Not helped by his constant mysterious journeys that have him away from home for most of the day and late into the night, as he secretly goes out to get close to his competition, perhaps time he could use to get close to his family in such rough times.
Man-su is a manager by trade, he knows how to talk to people and appease them, something he seems hilariously unable to do when it comes to his family, and he uses these skills to gain the trust of the men he seeks to eliminate, but such skills are not those of a killer. What becomes of these action scenes where Man-su shivers and shakes while holding a gun at someone’s head, overprotecting his hand by using three gloves as to not leave fingerprints to the point he can’t even move the finger to pull the trigger: again.

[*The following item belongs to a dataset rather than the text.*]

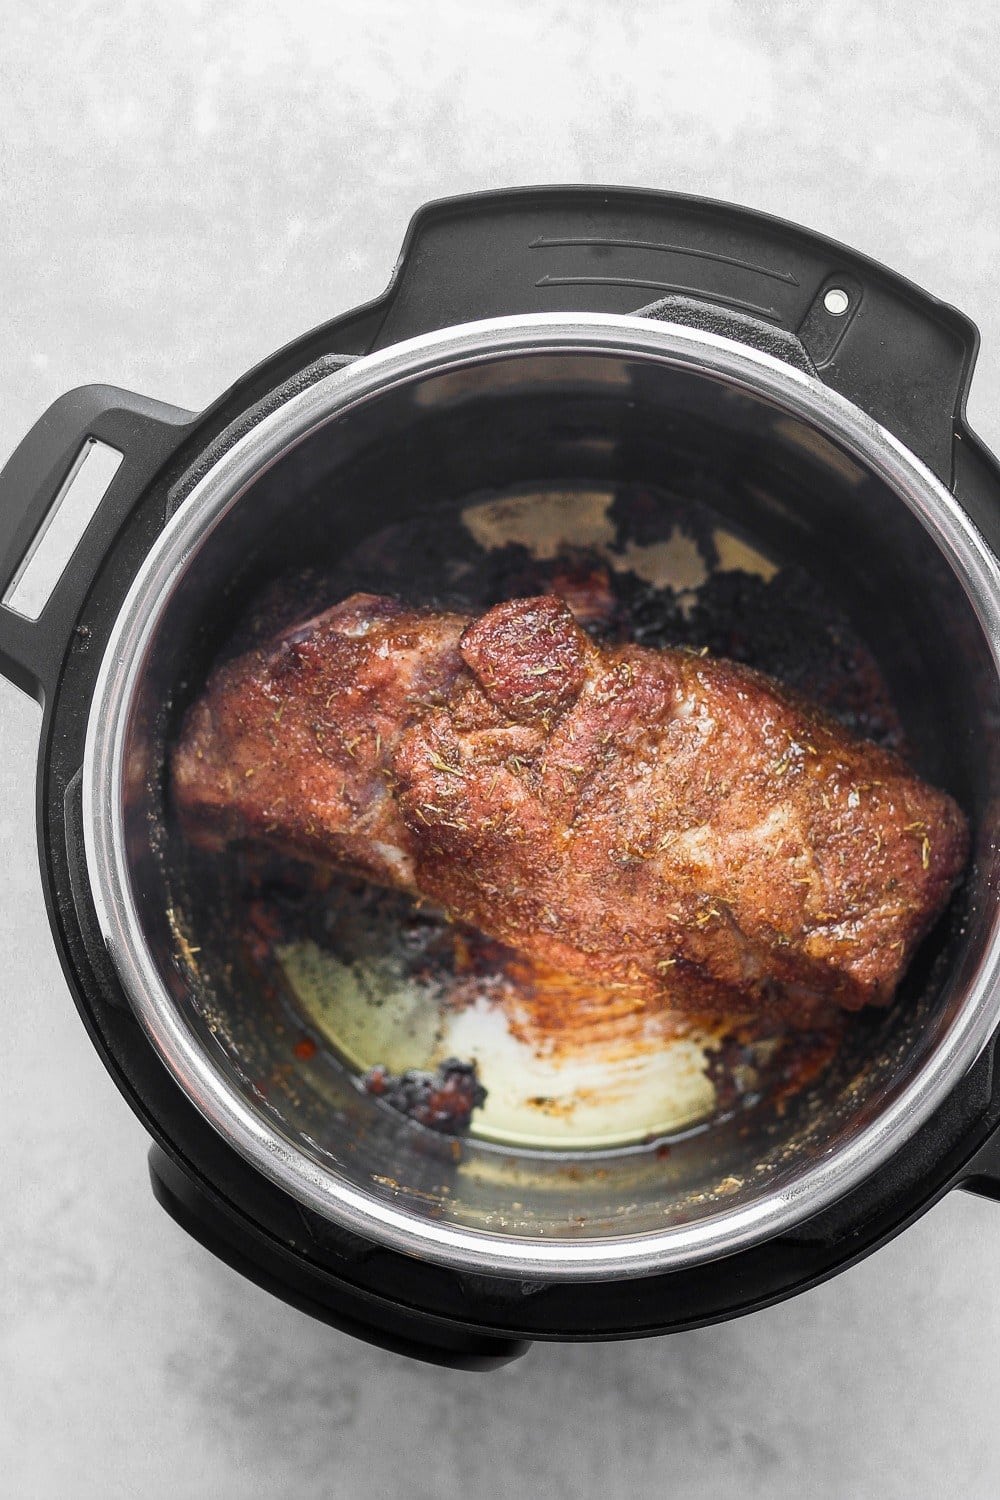 searing pork roast in instant pot.

This movie is beyond hilarious. While he never gets any better at being an assassin, he does become a better father to his stepson Si-one when he himself, in an attempt to help alleviate the heavy financial and societal pressure his family is under, steals iPhones from his friends’ father store thanks to the influence of said friend. Lee Miri, who herself has been desperate to keep her life going, raise to children, and finding herself alone to do so thanks to Man-su’s mysterious escapades, attempts to seduce the man intent of pressing charges against her son, but Man-su’s fragile ego actually proves useful as a tool to look after his family, helping the bond between him and his wife as she finally gets a glimpse at the man she fell in love with.

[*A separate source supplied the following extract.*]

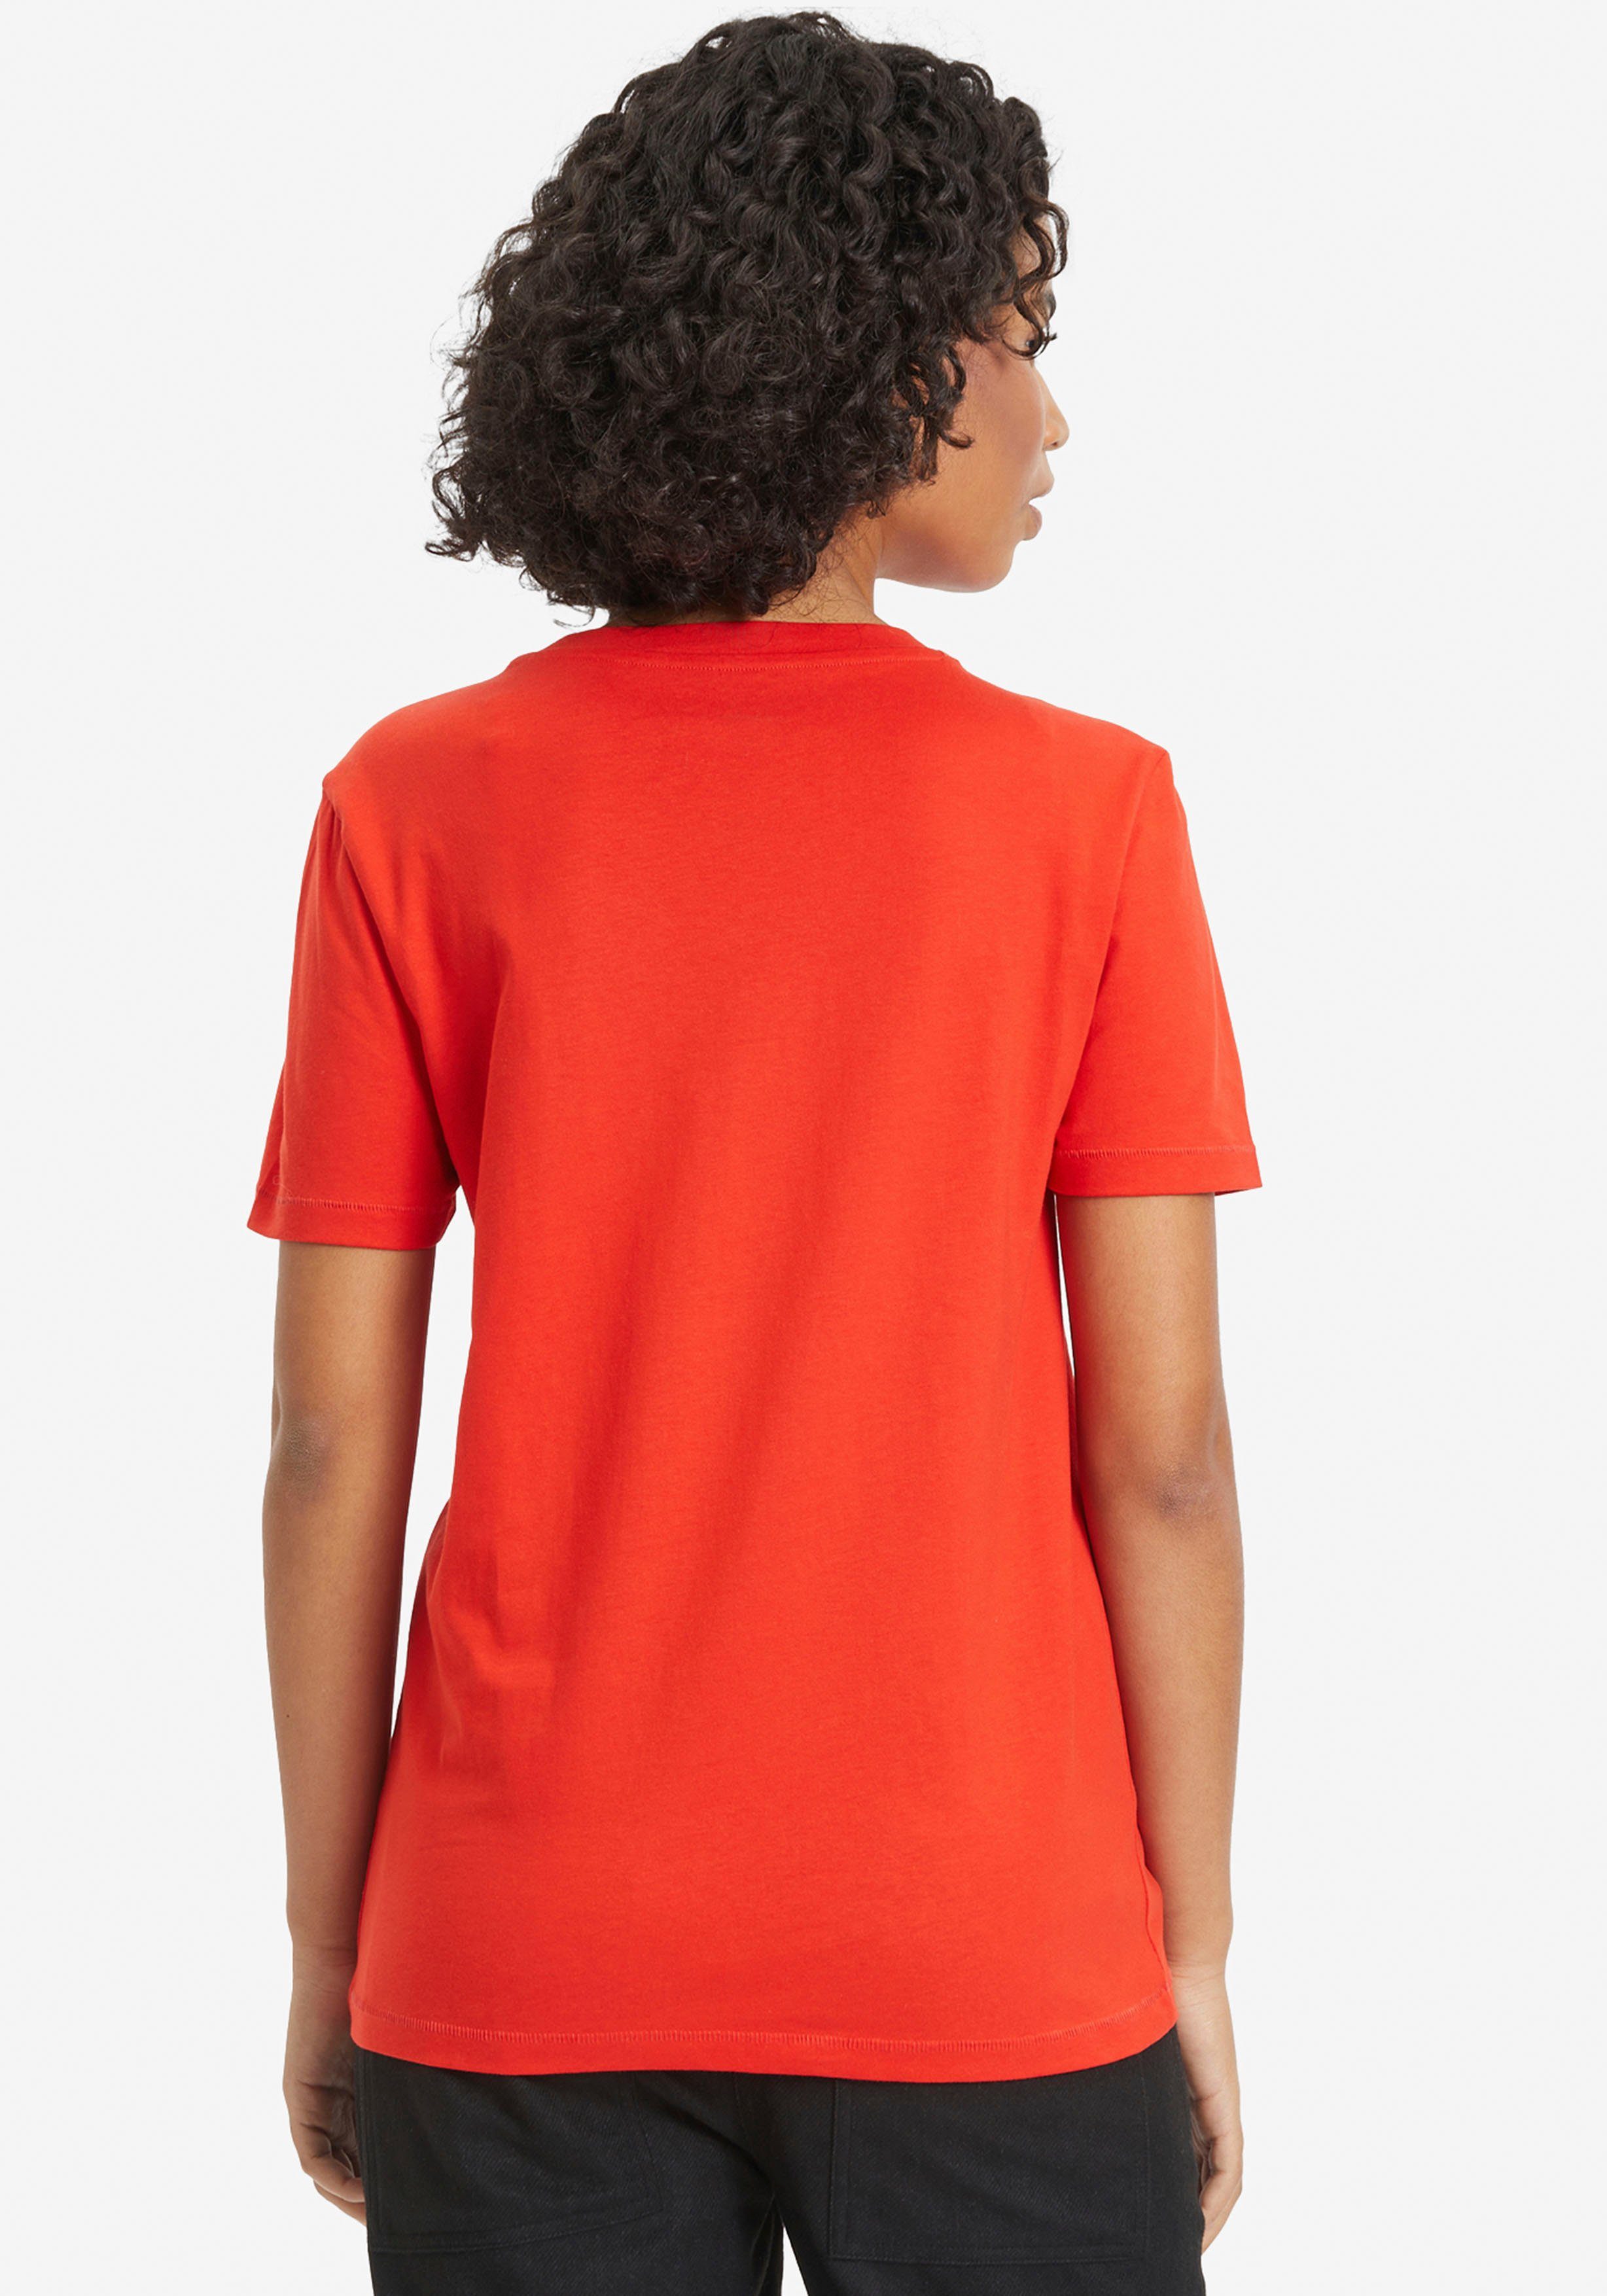 fiery NEUE - Rundhalsausschnitt KOLLEKTION red Tamaris T-Shirt mit

However, there is an oppressively slow pace for the first hour of the film that ever so slightly bogs down what is otherwise an unhinged cascade down into a blackhole of murder and malice full of that one-of-a-kind Chan-wook style, the moments between Man-su’s attempts at getting a job the “normal way” feel unnecessarily long once his decision to eliminate the competition has been made, it doesn’t come across as a man struggling between doing what he knows or caving in to his dark passenger, but rather avoiding the inevitable pull of the trigger.
This nowhere near ruins the film, and the second half really brings it together when the focus is more on the effect his new darker self has on his family life, but it costs some of the flow of the narrative that otherwise wastes no shots and no moments, it simply takes a while for both darkness and comedy to take the reins and have one going: He’s done it again.
Park Chan-wook’s No Other Choice unnerves with slow-brewing tension and releases in macabre shock & gut-busting hysteria.
An unhinged descent into despair as the male ego is shattered & challenged and boy did Lee Byung-hun get the assignment. Mysterious & hilarious, an absolute treat of cinema.